WHAT THE TASK REQUIRES
What you write must be the listing below in full, word for word, minus its pictures.

THE DATA
--- --- ---
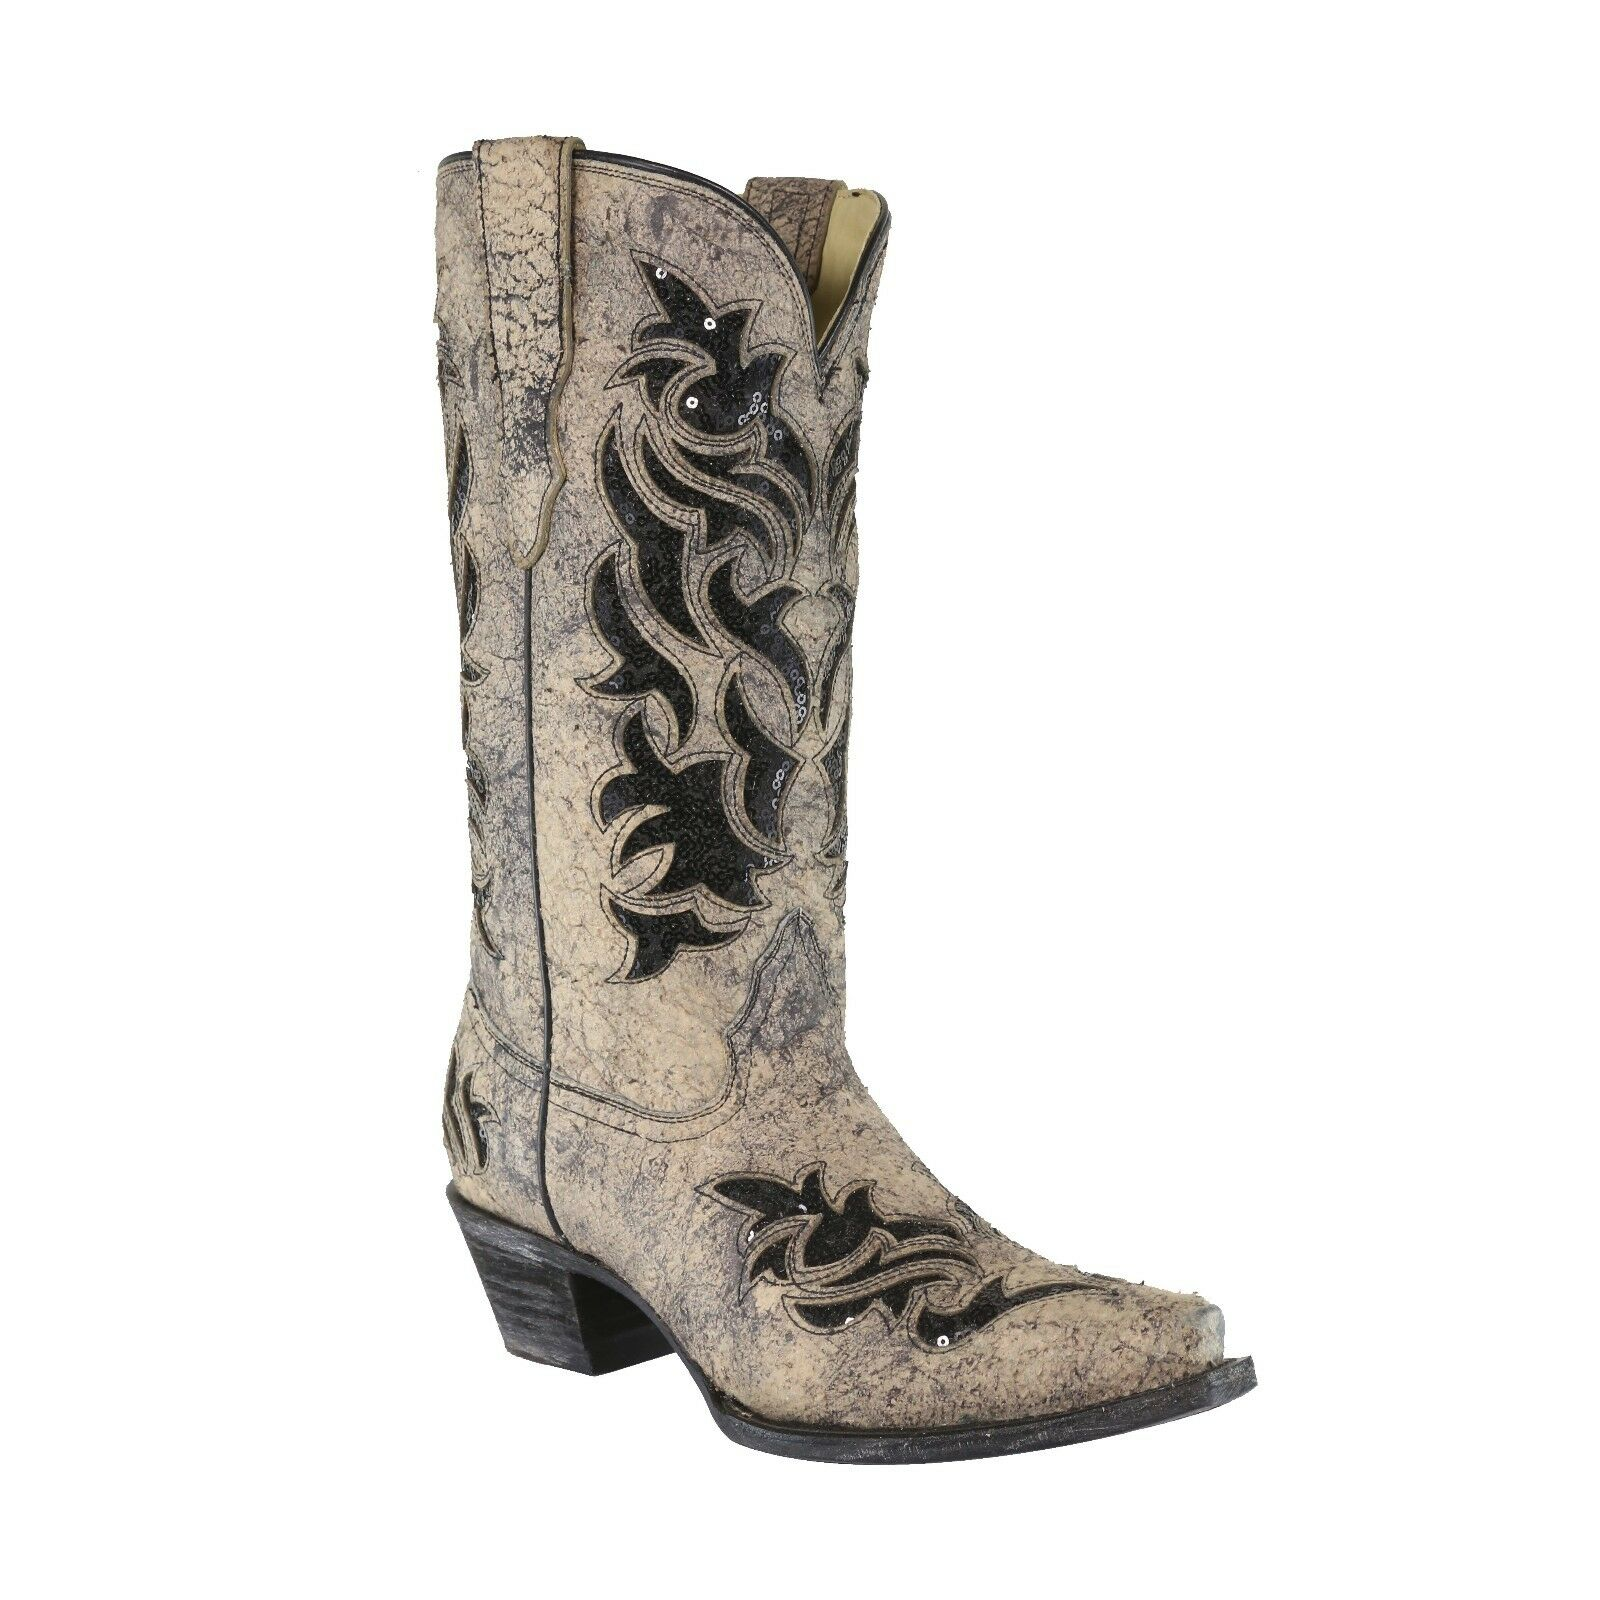 Corral Ladies Bone/Black Glitter Inlay Boot E1237
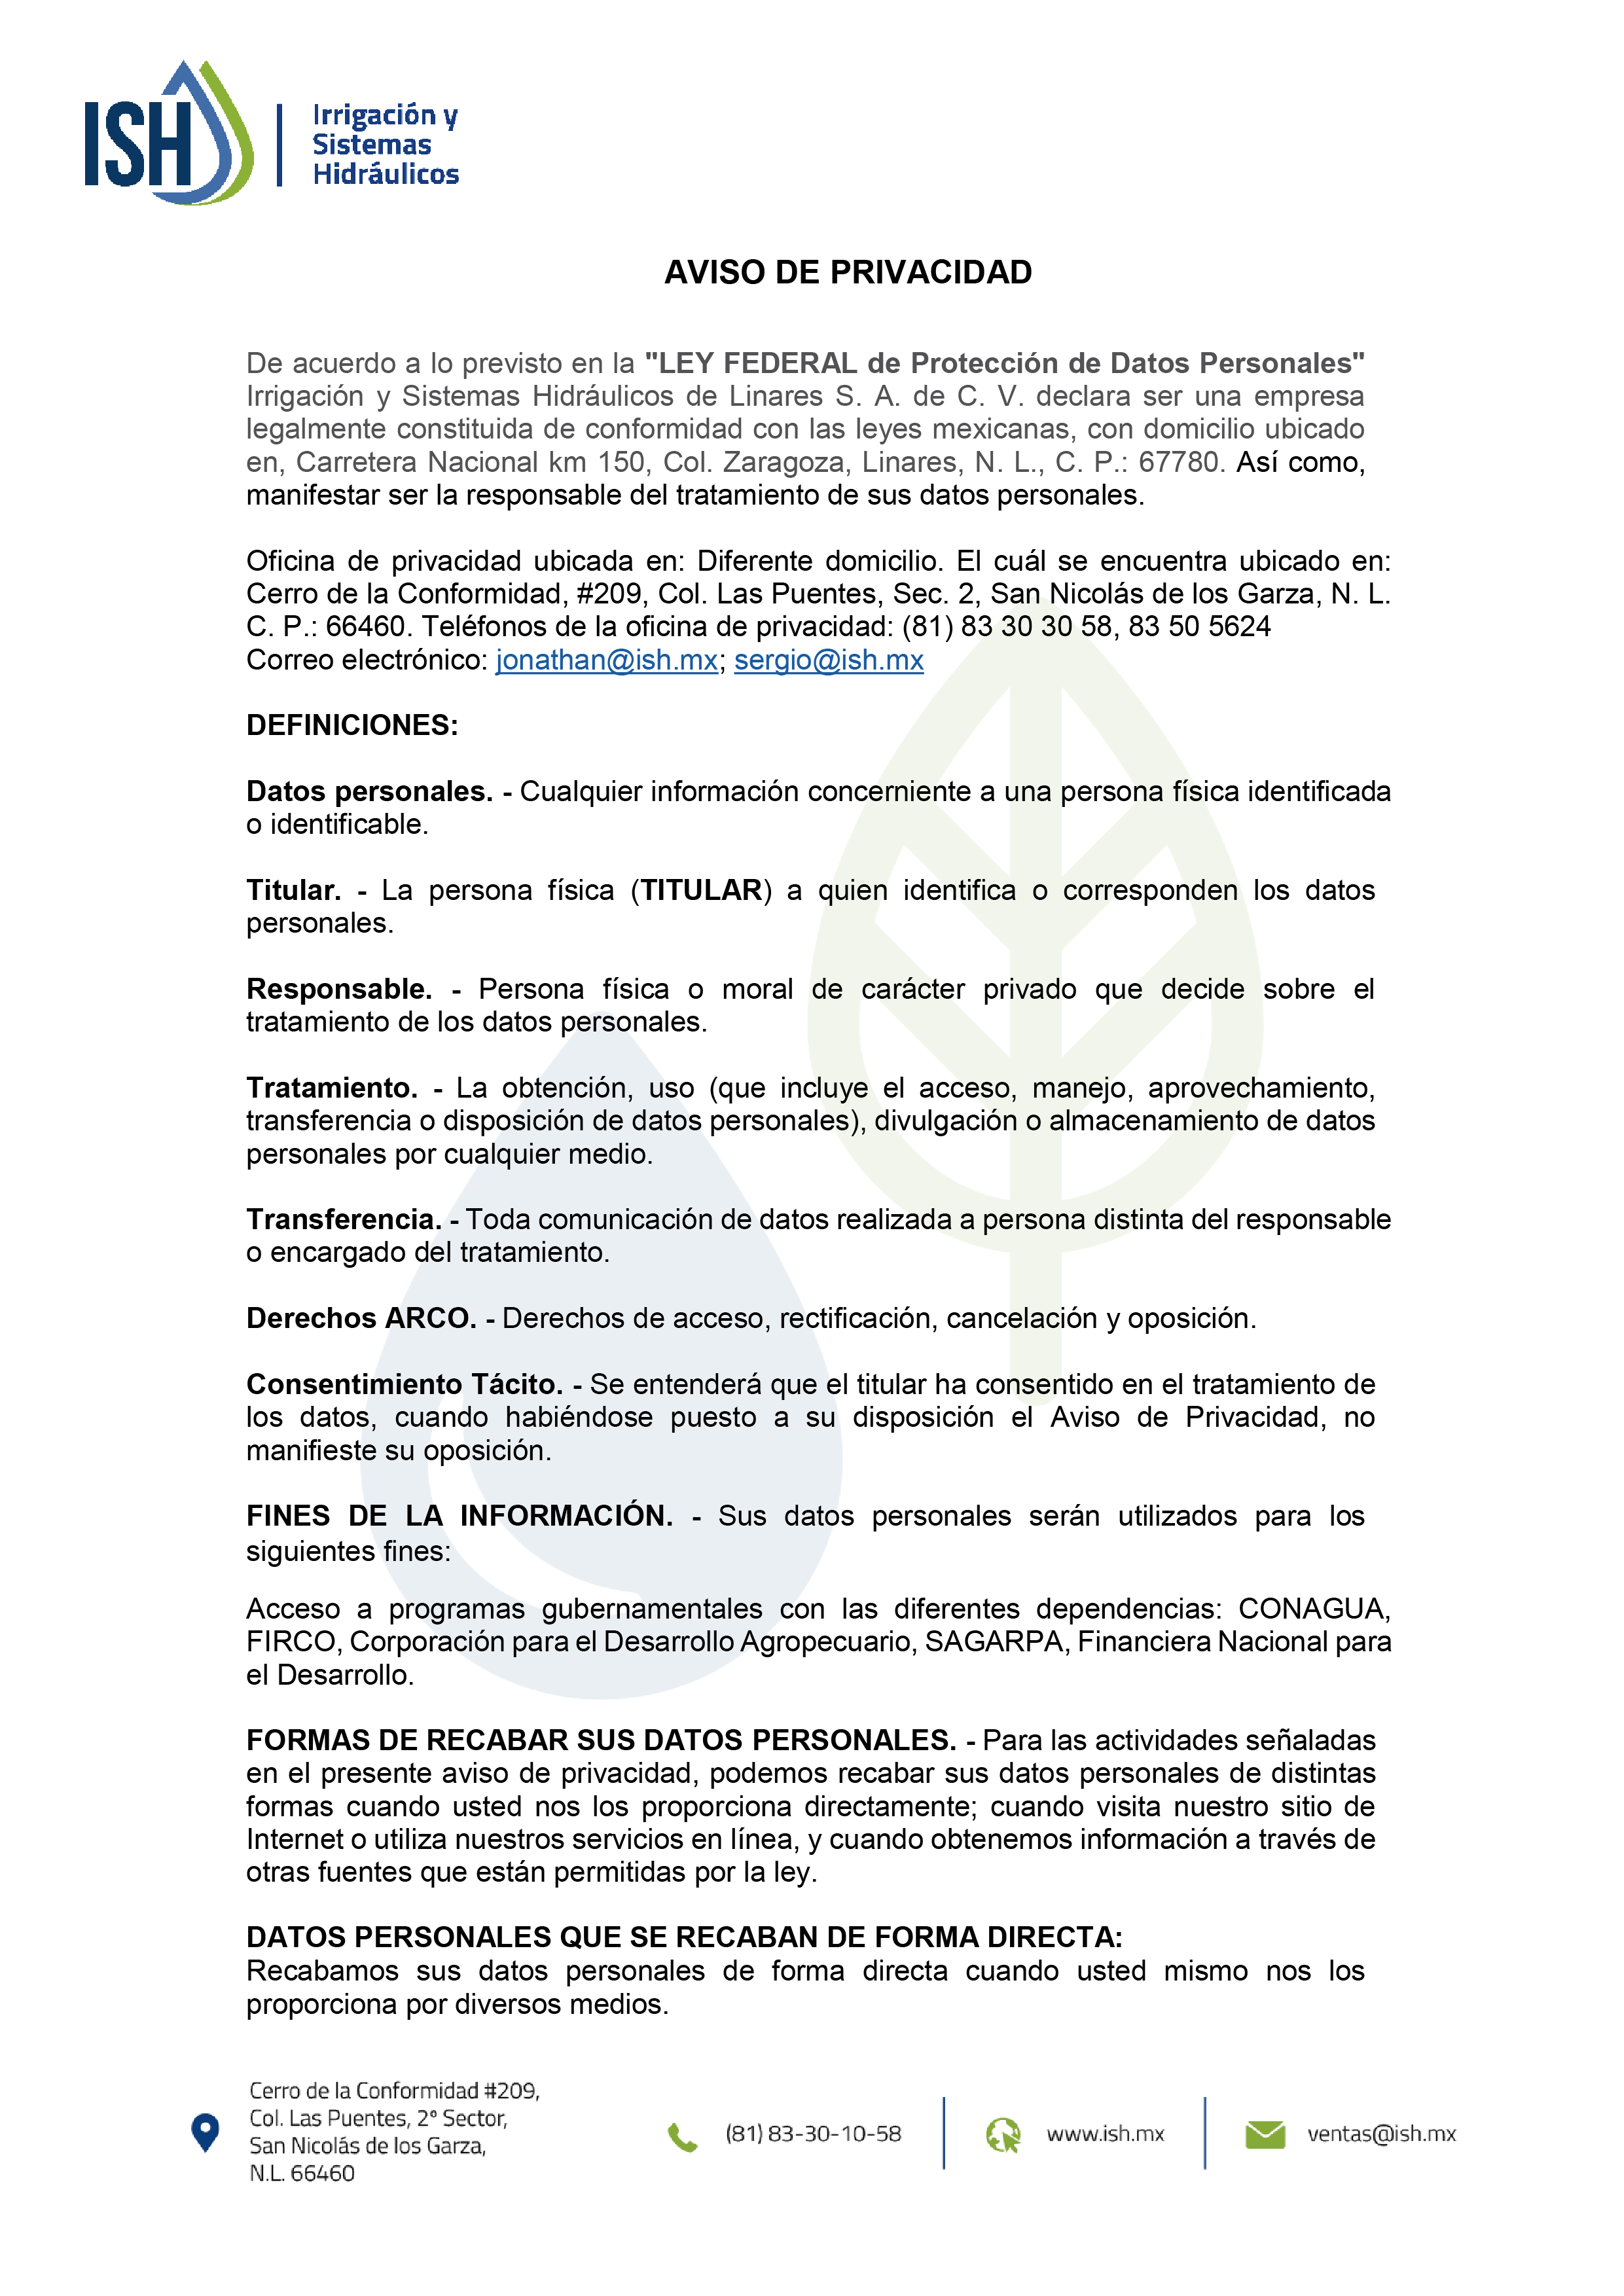 AvisoPrivacidad-01
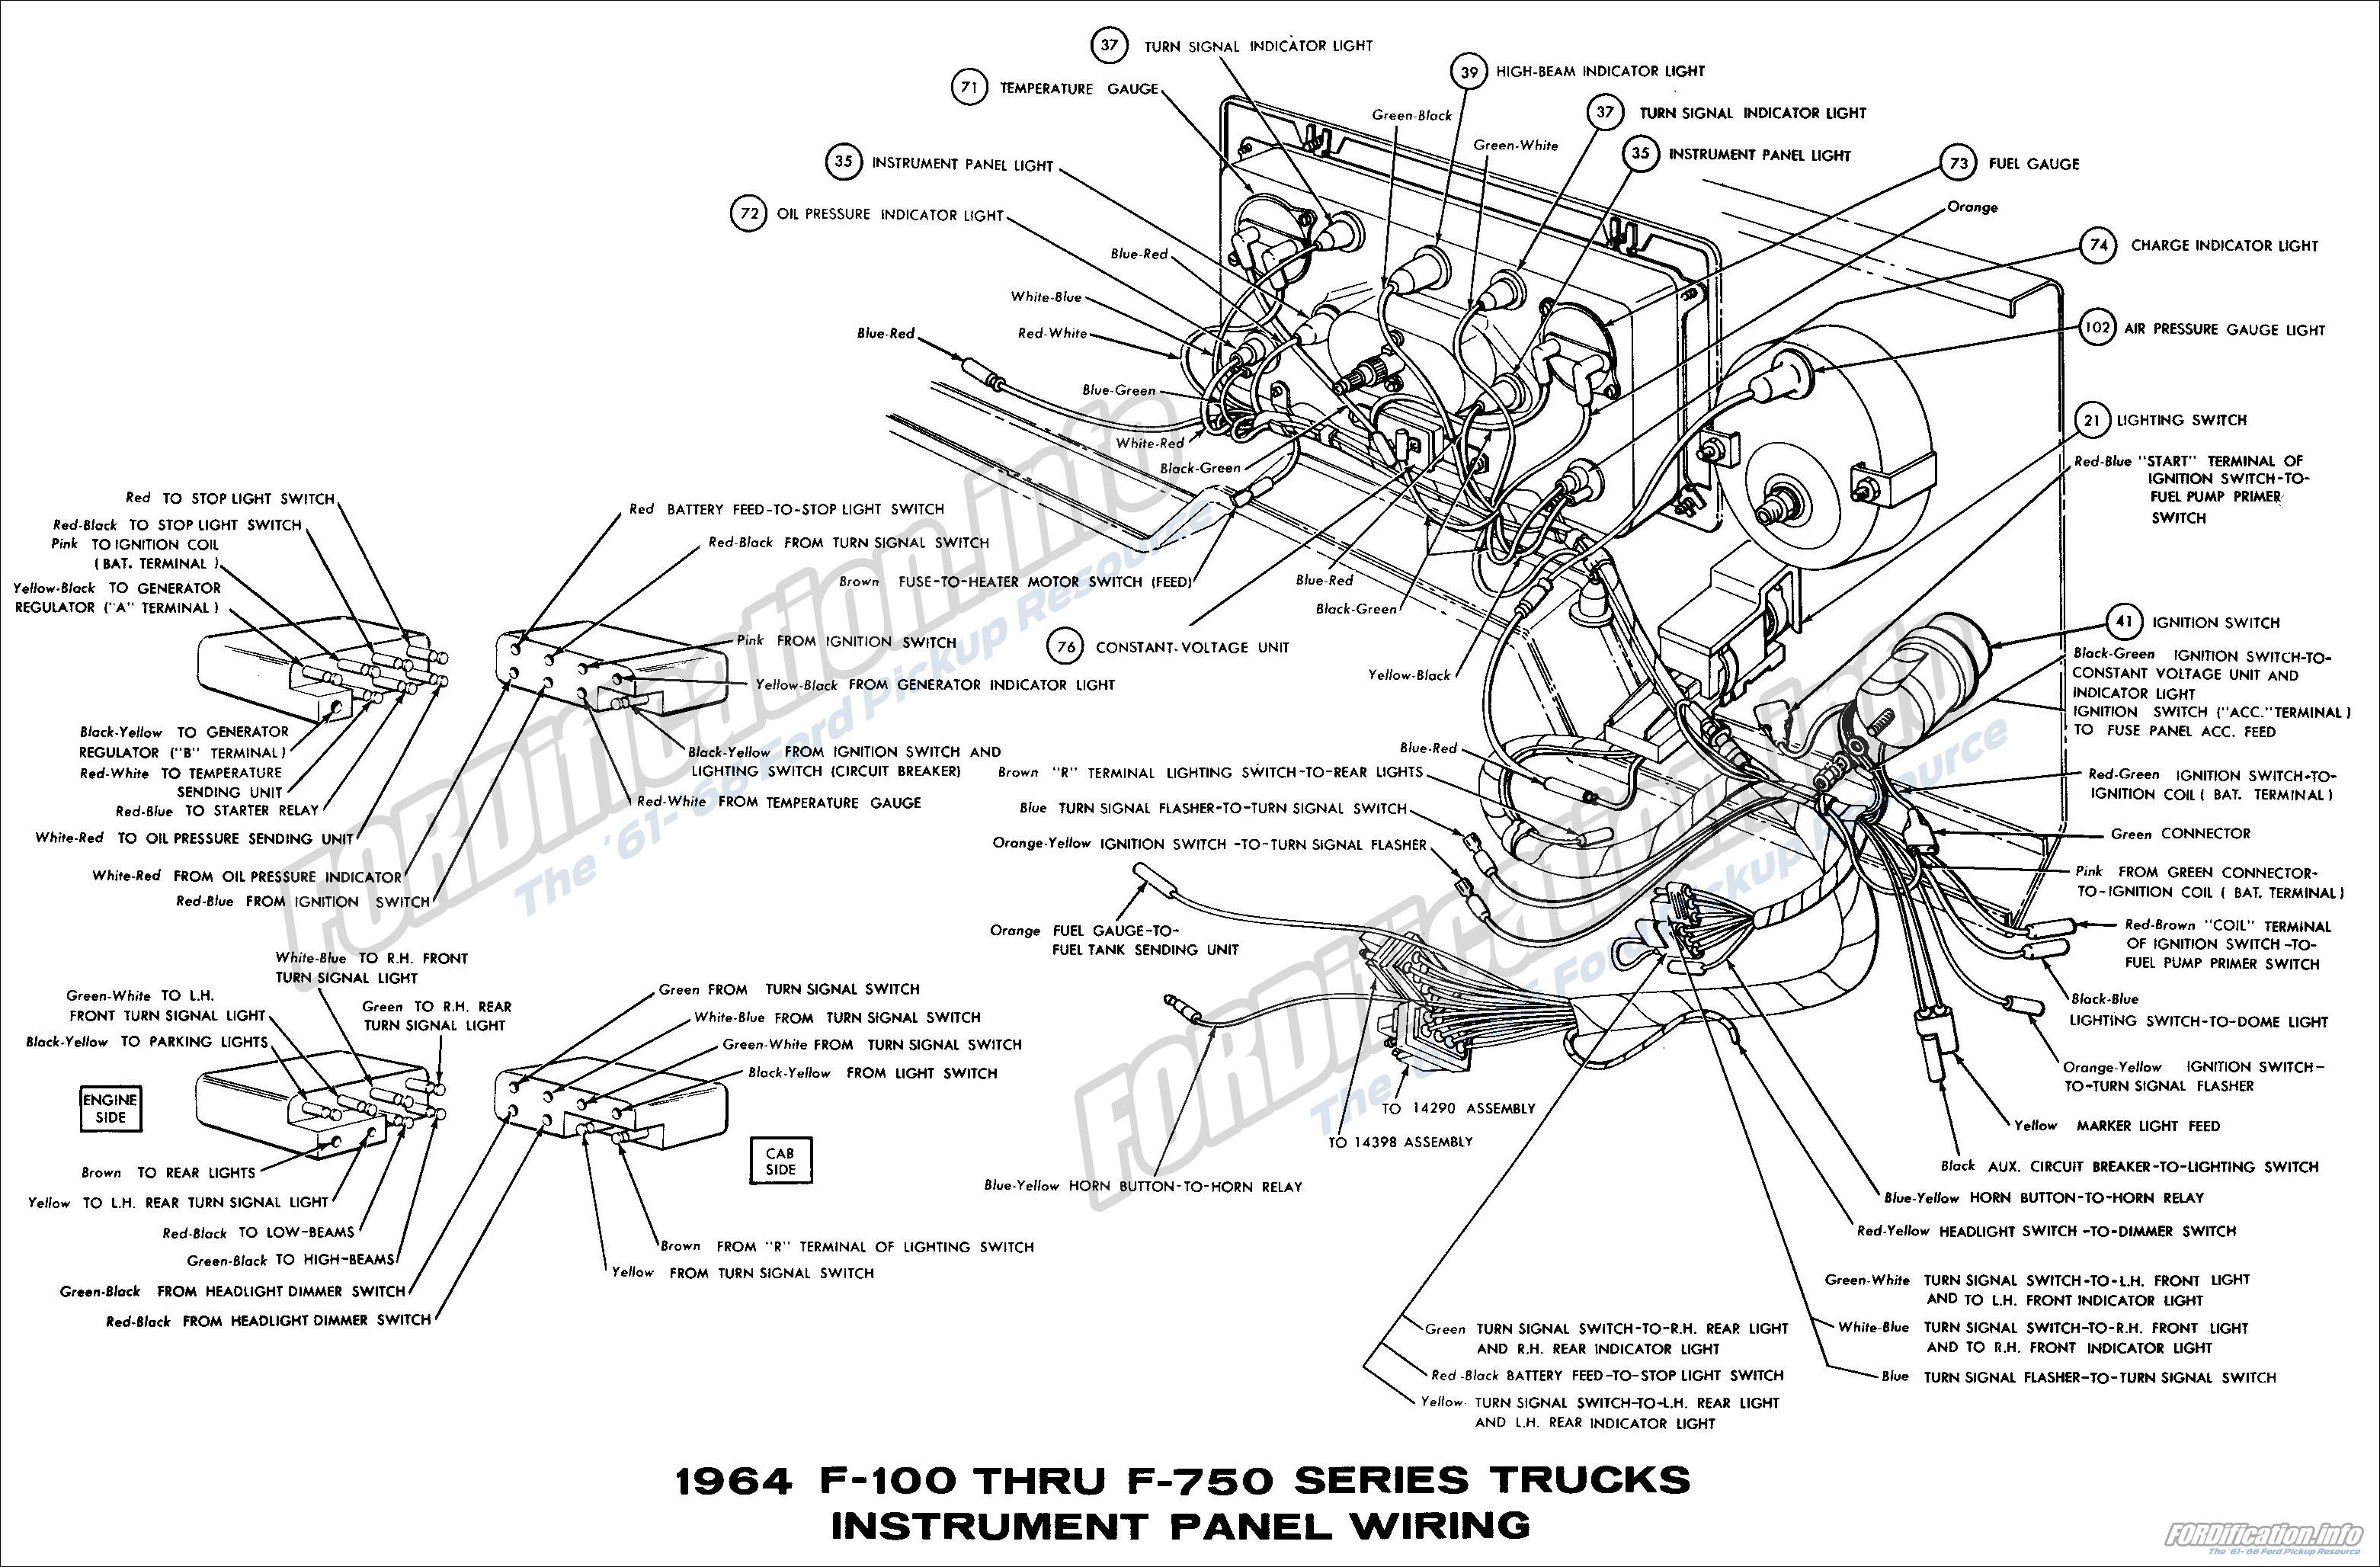 deh p6800mp wiring diagram
--- --- ---
SOLUTION
 Corral Ladies Bone/Black Glitter Inlay Boot E1237
 AvisoPrivacidad-01
 deh p6800mp wiring diagram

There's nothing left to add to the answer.